BEGIN Collected material

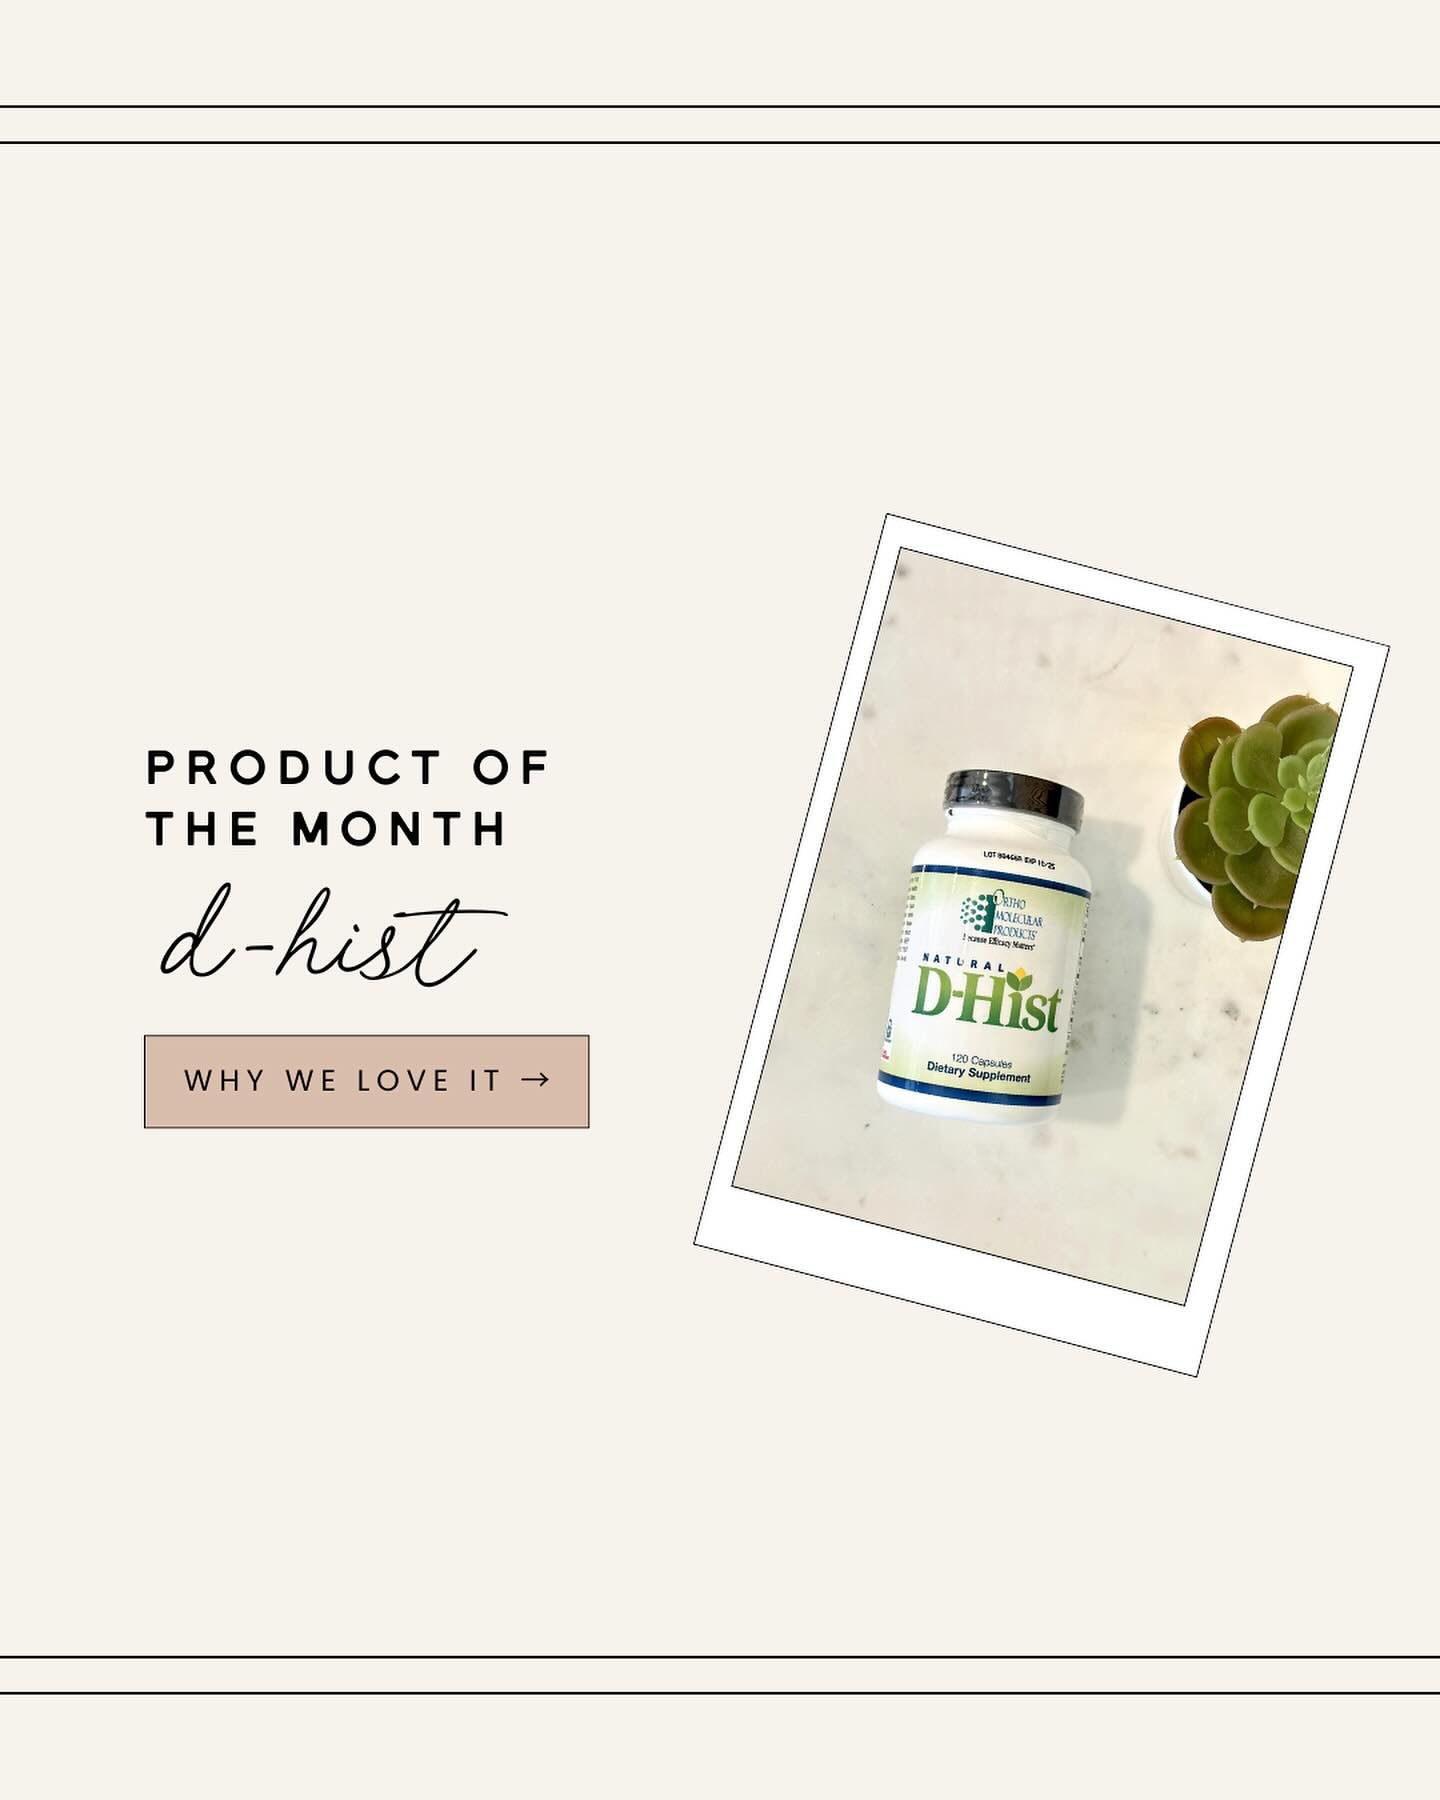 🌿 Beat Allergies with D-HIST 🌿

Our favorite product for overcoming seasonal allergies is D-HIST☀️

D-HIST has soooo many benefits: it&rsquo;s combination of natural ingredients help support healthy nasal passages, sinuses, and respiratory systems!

END Collected material

▶ [Exercise] An exact copy of the lines from the one containing "Our favorite product" through the end of the data above is the whole answer.

▶ [Response]
Our favorite product for overcoming seasonal allergies is D-HIST☀️

D-HIST has soooo many benefits: it&rsquo;s combination of natural ingredients help support healthy nasal passages, sinuses, and respiratory systems!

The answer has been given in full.